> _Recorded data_
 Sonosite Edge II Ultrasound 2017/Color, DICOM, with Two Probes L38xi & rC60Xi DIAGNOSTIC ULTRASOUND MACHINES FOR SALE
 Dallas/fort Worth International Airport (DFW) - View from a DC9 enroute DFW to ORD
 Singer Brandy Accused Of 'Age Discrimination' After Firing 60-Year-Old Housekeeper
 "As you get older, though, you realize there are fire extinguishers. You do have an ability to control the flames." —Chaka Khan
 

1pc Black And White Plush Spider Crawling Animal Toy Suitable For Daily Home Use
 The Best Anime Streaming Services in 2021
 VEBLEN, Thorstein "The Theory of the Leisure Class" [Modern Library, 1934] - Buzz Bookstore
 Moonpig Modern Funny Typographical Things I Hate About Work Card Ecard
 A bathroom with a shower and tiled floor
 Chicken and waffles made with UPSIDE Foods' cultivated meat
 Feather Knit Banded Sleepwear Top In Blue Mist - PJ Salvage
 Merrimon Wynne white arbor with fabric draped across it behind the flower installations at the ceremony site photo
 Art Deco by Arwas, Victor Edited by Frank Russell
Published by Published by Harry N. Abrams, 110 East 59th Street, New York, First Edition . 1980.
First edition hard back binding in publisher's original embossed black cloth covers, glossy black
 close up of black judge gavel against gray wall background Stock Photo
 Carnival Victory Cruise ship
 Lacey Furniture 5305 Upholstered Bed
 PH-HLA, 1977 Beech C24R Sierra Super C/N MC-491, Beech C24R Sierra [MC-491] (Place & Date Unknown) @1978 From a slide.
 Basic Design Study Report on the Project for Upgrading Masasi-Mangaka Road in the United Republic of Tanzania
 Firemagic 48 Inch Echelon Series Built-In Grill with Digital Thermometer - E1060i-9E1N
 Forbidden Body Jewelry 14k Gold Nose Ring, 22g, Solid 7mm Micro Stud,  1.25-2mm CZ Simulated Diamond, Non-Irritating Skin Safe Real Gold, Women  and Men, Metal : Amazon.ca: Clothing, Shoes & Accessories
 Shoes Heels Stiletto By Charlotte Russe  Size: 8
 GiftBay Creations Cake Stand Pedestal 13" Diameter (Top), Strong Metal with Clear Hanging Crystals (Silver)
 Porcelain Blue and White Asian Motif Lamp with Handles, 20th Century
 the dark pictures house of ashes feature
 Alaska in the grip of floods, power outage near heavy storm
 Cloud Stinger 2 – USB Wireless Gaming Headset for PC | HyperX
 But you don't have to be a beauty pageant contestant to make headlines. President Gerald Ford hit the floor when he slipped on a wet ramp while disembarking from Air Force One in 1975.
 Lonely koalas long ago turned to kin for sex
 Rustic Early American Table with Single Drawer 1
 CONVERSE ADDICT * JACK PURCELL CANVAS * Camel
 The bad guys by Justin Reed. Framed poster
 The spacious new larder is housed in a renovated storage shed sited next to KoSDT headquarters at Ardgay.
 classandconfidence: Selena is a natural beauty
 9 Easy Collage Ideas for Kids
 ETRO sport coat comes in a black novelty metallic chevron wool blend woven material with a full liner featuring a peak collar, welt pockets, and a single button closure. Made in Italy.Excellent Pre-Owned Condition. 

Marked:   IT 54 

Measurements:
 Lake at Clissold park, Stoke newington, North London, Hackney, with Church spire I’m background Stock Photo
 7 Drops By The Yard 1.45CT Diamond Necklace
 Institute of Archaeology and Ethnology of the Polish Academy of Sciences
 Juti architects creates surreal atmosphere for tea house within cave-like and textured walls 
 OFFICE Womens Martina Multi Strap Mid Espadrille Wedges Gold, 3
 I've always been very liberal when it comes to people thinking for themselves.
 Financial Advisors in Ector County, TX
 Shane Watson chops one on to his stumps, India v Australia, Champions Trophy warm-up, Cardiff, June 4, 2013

> _Your instructions_
Each record above should be transcribed exactly.

> _Task response_
 Sonosite Edge II Ultrasound 2017/Color, DICOM, with Two Probes L38xi & rC60Xi DIAGNOSTIC ULTRASOUND MACHINES FOR SALE
 Dallas/fort Worth International Airport (DFW) - View from a DC9 enroute DFW to ORD
 Singer Brandy Accused Of 'Age Discrimination' After Firing 60-Year-Old Housekeeper
 "As you get older, though, you realize there are fire extinguishers. You do have an ability to control the flames." —Chaka Khan
 

1pc Black And White Plush Spider Crawling Animal Toy Suitable For Daily Home Use
 The Best Anime Streaming Services in 2021
 VEBLEN, Thorstein "The Theory of the Leisure Class" [Modern Library, 1934] - Buzz Bookstore
 Moonpig Modern Funny Typographical Things I Hate About Work Card Ecard
 A bathroom with a shower and tiled floor
 Chicken and waffles made with UPSIDE Foods' cultivated meat
 Feather Knit Banded Sleepwear Top In Blue Mist - PJ Salvage
 Merrimon Wynne white arbor with fabric draped across it behind the flower installations at the ceremony site photo
 Art Deco by Arwas, Victor Edited by Frank Russell
Published by Published by Harry N. Abrams, 110 East 59th Street, New York, First Edition . 1980.
First edition hard back binding in publisher's original embossed black cloth covers, glossy black
 close up of black judge gavel against gray wall background Stock Photo
 Carnival Victory Cruise ship
 Lacey Furniture 5305 Upholstered Bed
 PH-HLA, 1977 Beech C24R Sierra Super C/N MC-491, Beech C24R Sierra [MC-491] (Place & Date Unknown) @1978 From a slide.
 Basic Design Study Report on the Project for Upgrading Masasi-Mangaka Road in the United Republic of Tanzania
 Firemagic 48 Inch Echelon Series Built-In Grill with Digital Thermometer - E1060i-9E1N
 Forbidden Body Jewelry 14k Gold Nose Ring, 22g, Solid 7mm Micro Stud,  1.25-2mm CZ Simulated Diamond, Non-Irritating Skin Safe Real Gold, Women  and Men, Metal : Amazon.ca: Clothing, Shoes & Accessories
 Shoes Heels Stiletto By Charlotte Russe  Size: 8
 GiftBay Creations Cake Stand Pedestal 13" Diameter (Top), Strong Metal with Clear Hanging Crystals (Silver)
 Porcelain Blue and White Asian Motif Lamp with Handles, 20th Century
 the dark pictures house of ashes feature
 Alaska in the grip of floods, power outage near heavy storm
 Cloud Stinger 2 – USB Wireless Gaming Headset for PC | HyperX
 But you don't have to be a beauty pageant contestant to make headlines. President Gerald Ford hit the floor when he slipped on a wet ramp while disembarking from Air Force One in 1975.
 Lonely koalas long ago turned to kin for sex
 Rustic Early American Table with Single Drawer 1
 CONVERSE ADDICT * JACK PURCELL CANVAS * Camel
 The bad guys by Justin Reed. Framed poster
 The spacious new larder is housed in a renovated storage shed sited next to KoSDT headquarters at Ardgay.
 classandconfidence: Selena is a natural beauty
 9 Easy Collage Ideas for Kids
 ETRO sport coat comes in a black novelty metallic chevron wool blend woven material with a full liner featuring a peak collar, welt pockets, and a single button closure. Made in Italy.Excellent Pre-Owned Condition. 

Marked:   IT 54 

Measurements:
 Lake at Clissold park, Stoke newington, North London, Hackney, with Church spire I’m background Stock Photo
 7 Drops By The Yard 1.45CT Diamond Necklace
 Institute of Archaeology and Ethnology of the Polish Academy of Sciences
 Juti architects creates surreal atmosphere for tea house within cave-like and textured walls 
 OFFICE Womens Martina Multi Strap Mid Espadrille Wedges Gold, 3
 I've always been very liberal when it comes to people thinking for themselves.
 Financial Advisors in Ector County, TX
 Shane Watson chops one on to his stumps, India v Australia, Champions Trophy warm-up, Cardiff, June 4, 2013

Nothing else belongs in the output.